Strategy 2: Change Line Objectives to Point Objectives to Gain Flexibility

If a model generates line objectives for the OARs, the position of these lines cannot be changed when the model is applied to a new plan. Replacing line objectives with upper dose objectives is a simple trick to gain more flexibility during everyday optimizations. The estimation error is ignored, but can at least be compensated if needed. We have done that for the ALARA model.

Strategy 3: Add New Plans to Model, Delete Old Plans

This is possible, and it it makes sense if not too many plans are in the model. One could, for instance, add a certain number of plans that were optimized with 15.6, and delete a bunch of old plans (optimized with 13.6). This would refresh the "population" of training plans within the model. But adding 20 new plans to a model which contains 300 old plans will probably not have much impact.

Note that all such reconfigurations also require reverification, revalidation, etc., etc.


We have chosen two arbitrary plans to demonstrate an evolutionary dilemma: When RapidPlan models are in clinical use, they are sometimes not reflecting the plan quality which can be achieved with up-to-date optimizers because the plans that were used to train the models are "old" plans. Therefore, the models based on these plans are also "old".
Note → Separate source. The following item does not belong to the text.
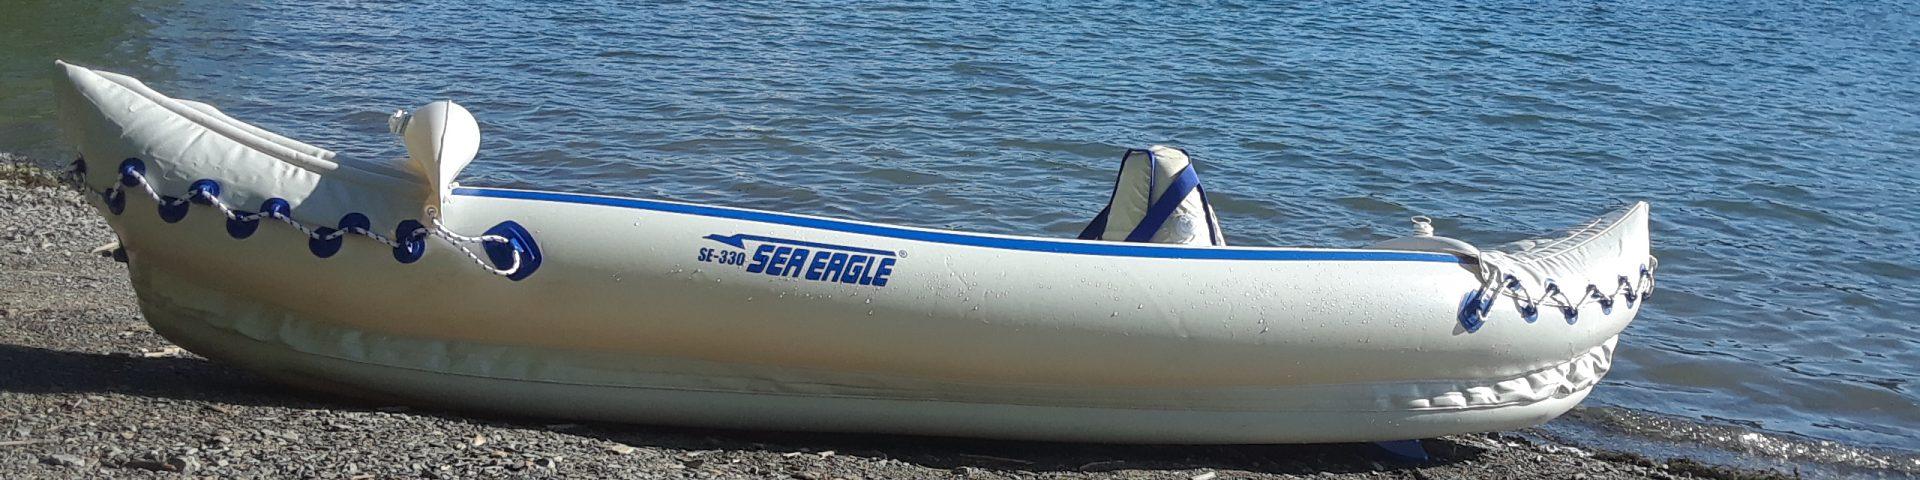 Sea Eagle kayak, Kayaking Hemlock lake

Eclipse updates are typically offered once a year. However, not every update contains optimizer innovations. This is why the situation is not as bad as one might guess after reading this article. Plans that were generated with RapidPlan two years ago are by no means "poor" plans. At the time they were created, they were really "optimal".


1 The options were first introduced in Eclipse 15.5, but we skipped that version. Actually we are talking about 15.5; version 15.6 just added some Halcyon related features.
2 The parameters SmoothX/Y apply to IMRT optimization only.
3 The DVH Estimation Algorithm 15.6 itself contains a lot of improvements too, but here we focus on the training plans.